◆ Exercise data

※ ※ ※

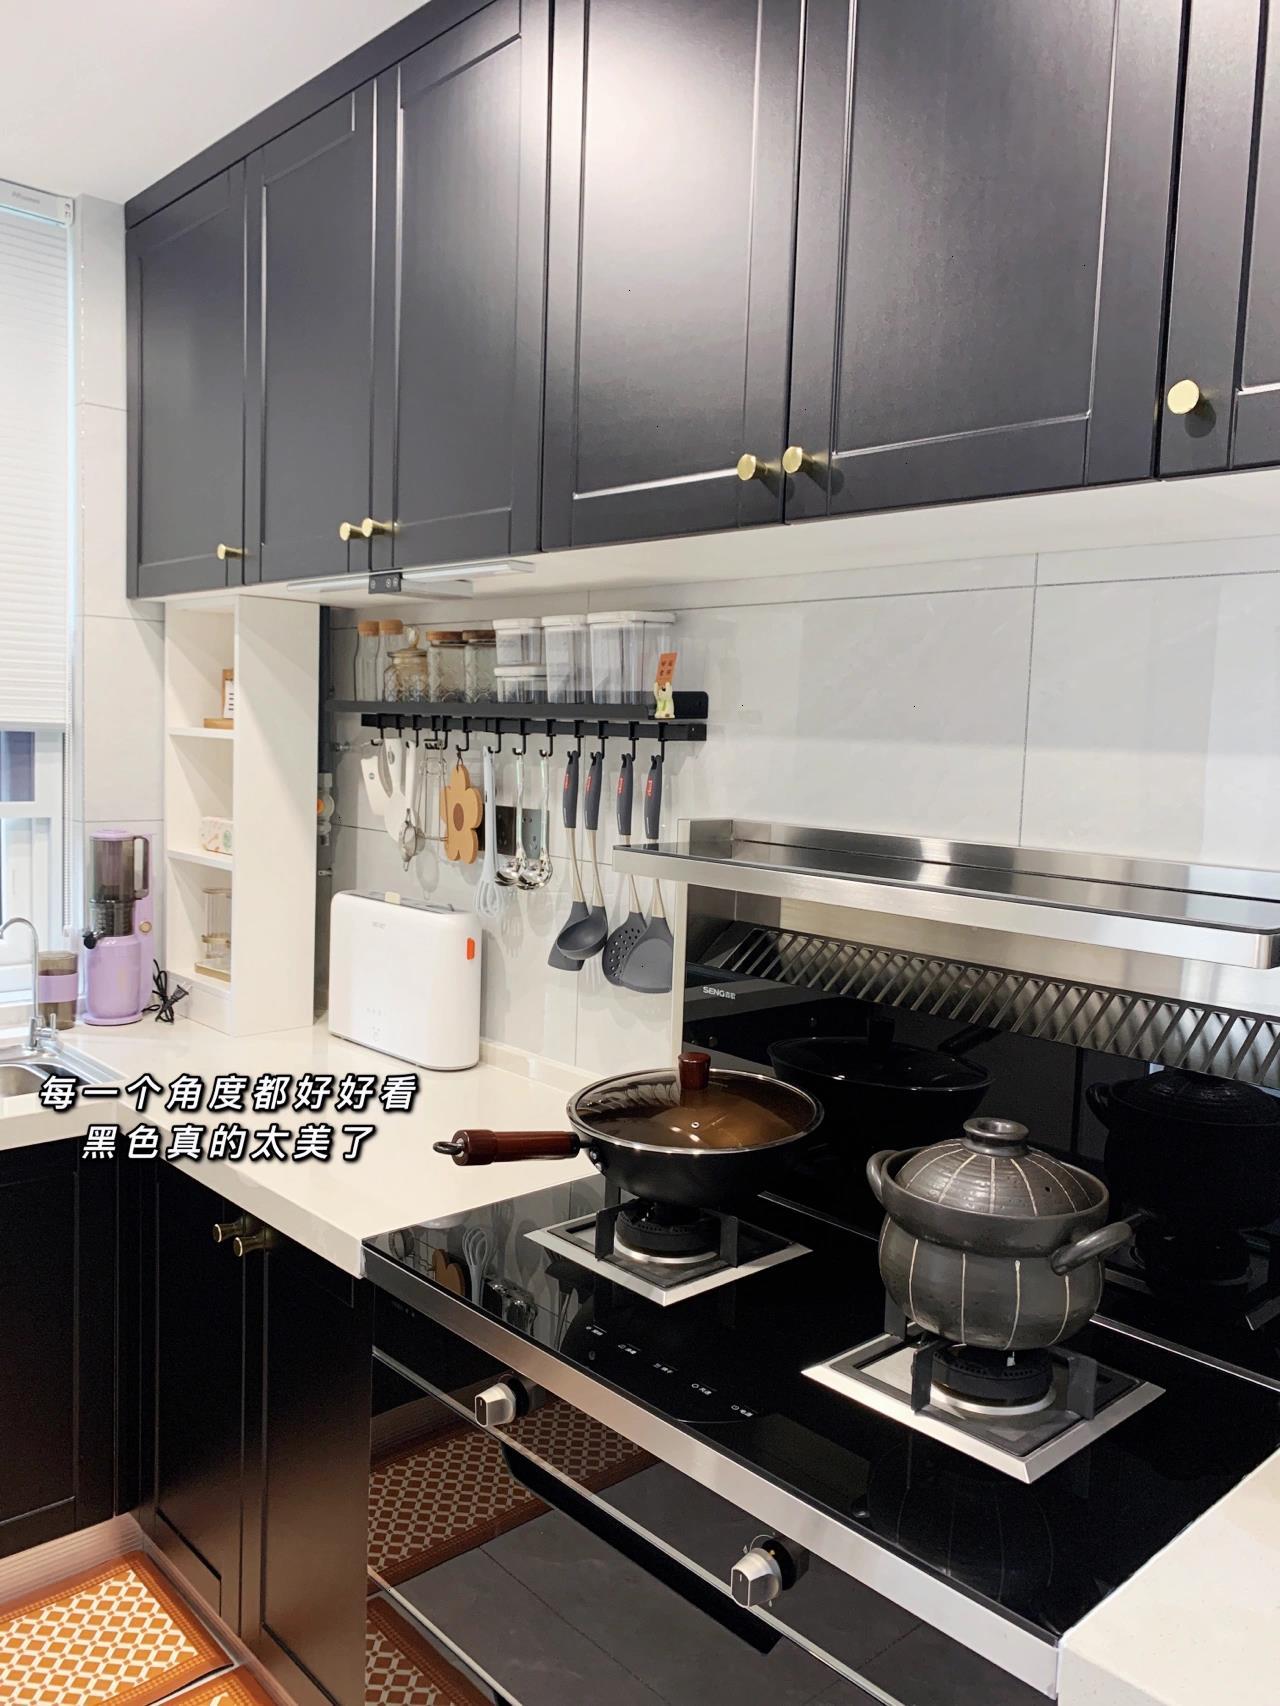 沐鸣2注册登录 花31万的新房装修来了,从色彩到布局都很宜家,尤其是收纳太绝了
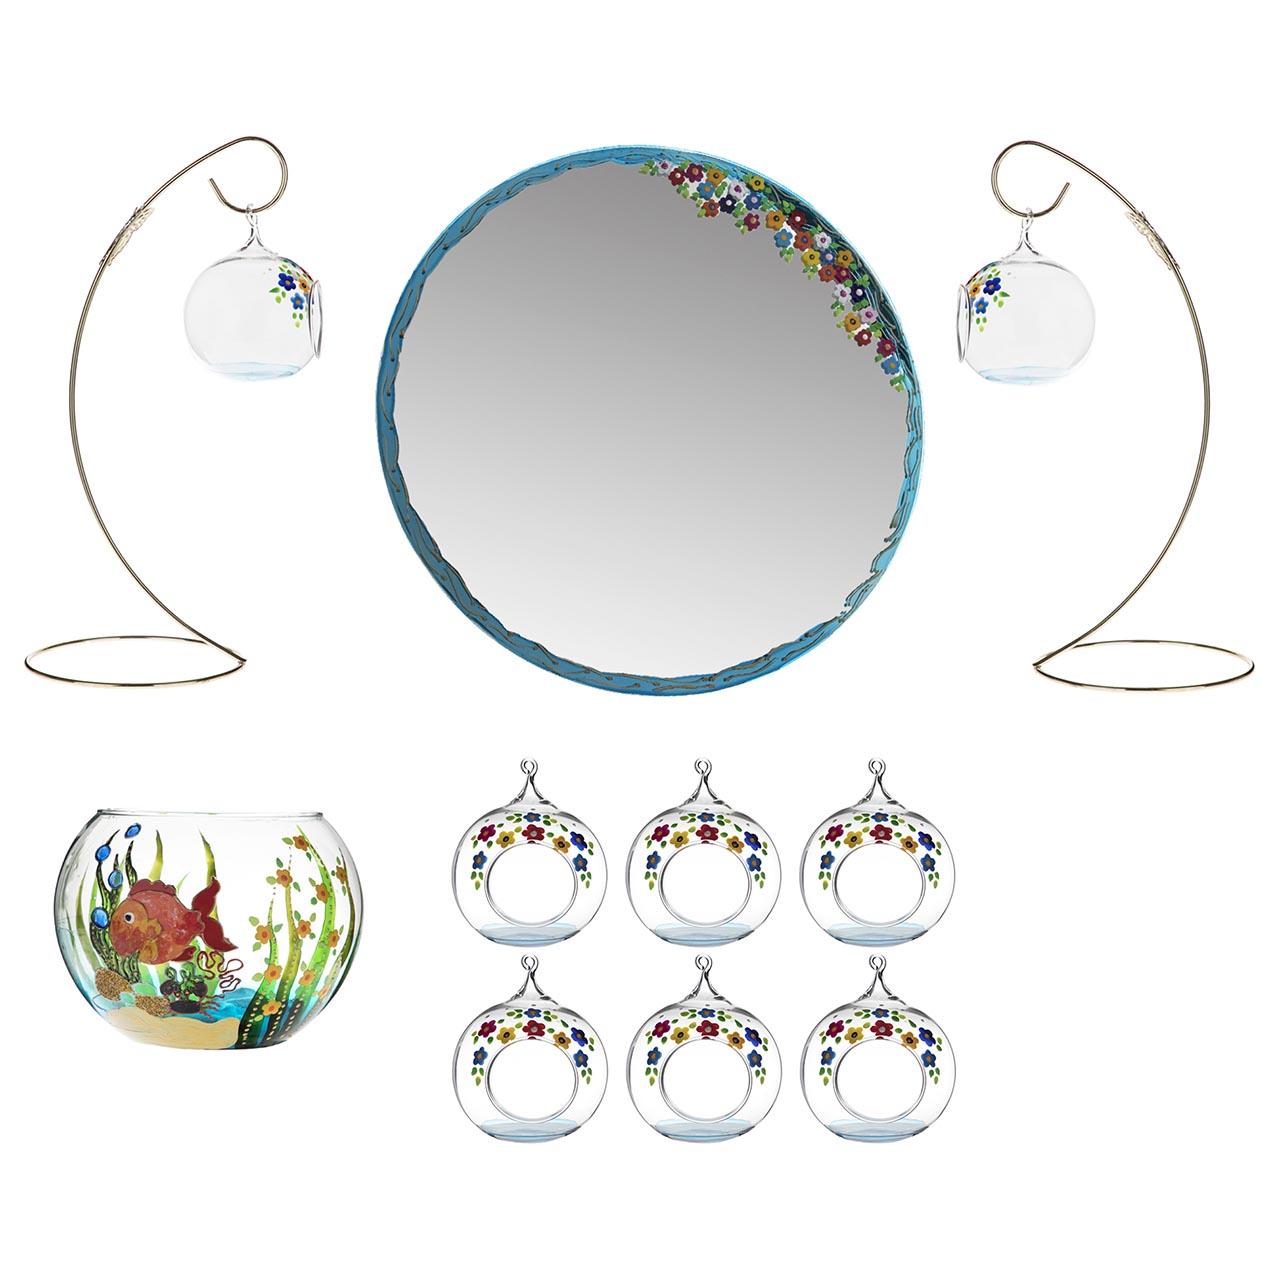 مجموعه ظروف هفت سین یازده پارچه مدل آکواریوم کد 9
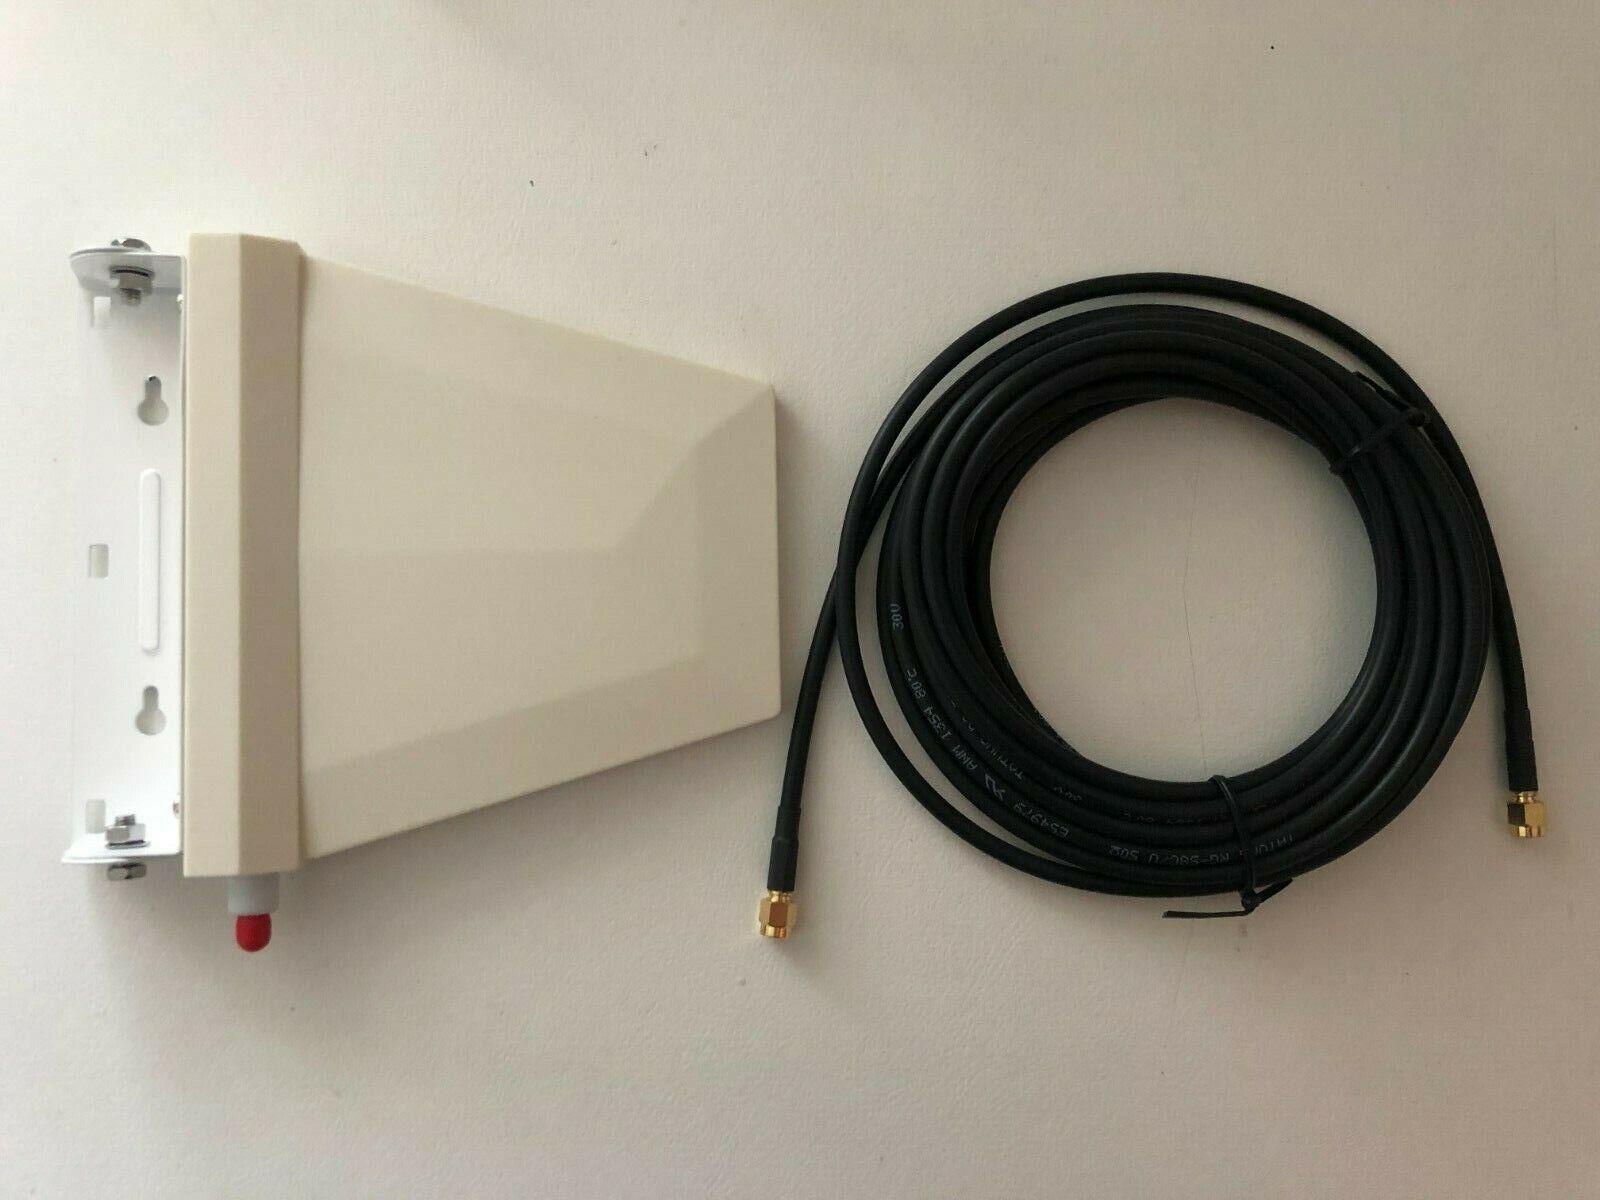 Siretta Oscar 20A2G/GPRS, 3G/UMTS, 4G/5G LTE Yagi Antenna - Brand New. Available Now for 49.00

※ ※ ※

◆ Directions for this task
Give back each line above verbatim, dropping every picture.

◆ Completed task
 沐鸣2注册登录 花31万的新房装修来了,从色彩到布局都很宜家,尤其是收纳太绝了
 مجموعه ظروف هفت سین یازده پارچه مدل آکواریوم کد 9
 Siretta Oscar 20A2G/GPRS, 3G/UMTS, 4G/5G LTE Yagi Antenna - Brand New. Available Now for 49.00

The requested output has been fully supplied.